To compute the Elo for the different agents, run the tournament to play games between them and then compute the Elo for the PGN file generated by the tournament (more information on BayesElo can be found here):

cd src
python tournament.py --num_games=200

cd ../BayesElo

./bayeselo
> ...
ResultSet>readpgn ../data/tournament.pgn
> N game(s) loaded, 0 game(s) with unknown result ignored.
ResultSet>elo
ResultSet-EloRating>mm
> 00:00:00,00
ResultSet-EloRating>exactdist
> 00:00:00,00
ResultSet-EloRating>ratings
> ...

cd ..

Analysis Notebook

To investigate the model's behavior (e.g., to compute the win percentage for all legal moves), start a notebook server and then open src/searchless_chess.ipynb in your browser:

jupyter notebook

Citing this work

@article{ruoss2024grandmaster,
  author       = {Anian Ruoss and
                  Gr{\'{e}}goire Del{\'{e}}tang and
                  Sourabh Medapati and
                  Jordi Grau{-}Moya and
                  Li Kevin Wenliang and
                  Elliot Catt and
                  John Reid and
                  Tim Genewein},
  title        = {Grandmaster-Level Chess Without Search},
  journal      = {arXiv:2402.04494},
  year         = {2024}
}

License and disclaimer

Copyright 2024 DeepMind Technologies Limited

All software is licensed under the Apache License, Version 2.0 (Apache 2.0); you may not use this file except in compliance with the Apache 2.0 license. You may obtain a copy of the Apache 2.0 license at: https://www.apache.org/licenses/LICENSE-2.0

The model weights are licensed under Creative Commons Attribution 4.0 (CC-BY). You may obtain a copy of the CC-BY license at: https://creativecommons.org/licenses/by/4.0/legalcode

Some portions of the dataset are in the public domain by a Creative Commons CC0 license from lichess.org. The remainder of the dataset is licensed under Creative Commons Attribution 4.0 (CC-BY). You may obtain a copy of the CC-BY license at: https://creativecommons.org/licenses/by/4.0/legalcode.

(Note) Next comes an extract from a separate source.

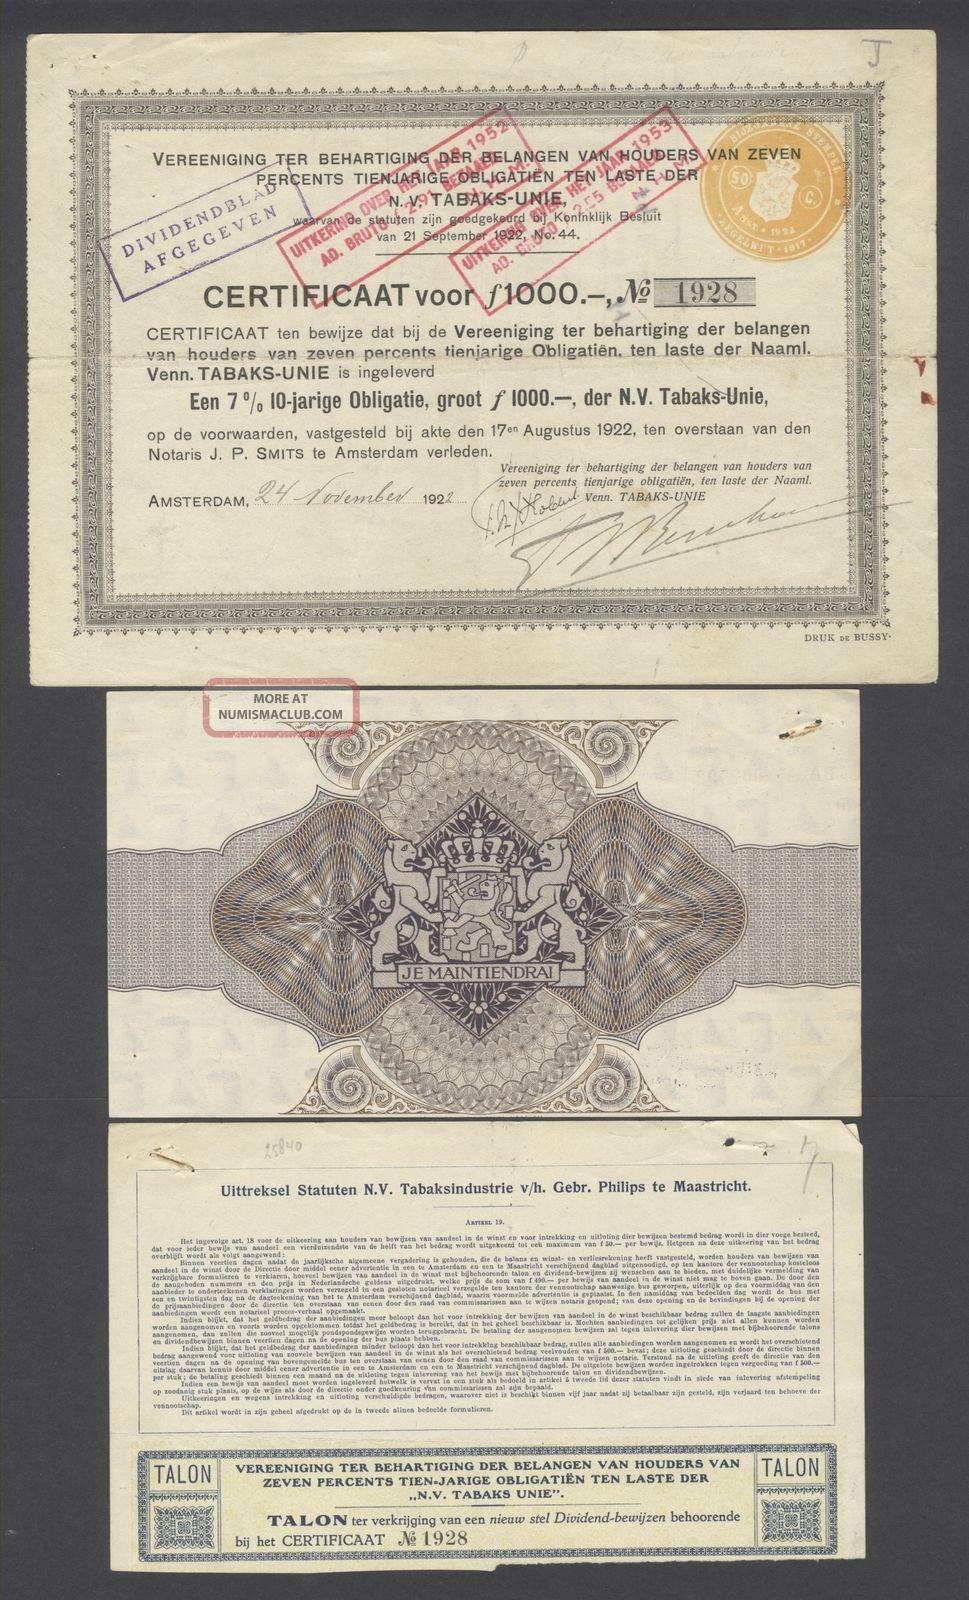 Netherlands 1922 Bond Certificate - Nv Tabaks Unie Amterdam - Tobacco.  B1536 World photo

Unless required by applicable law or agreed to in writing, software and materials distributed under the Apache 2.0 or CC-BY licenses are distributed on an "AS IS" BASIS, WITHOUT WARRANTIES OR CONDITIONS OF ANY KIND, either express or implied. See the licenses for the specific language governing permissions and limitations under those licenses.

This is not an official Google product.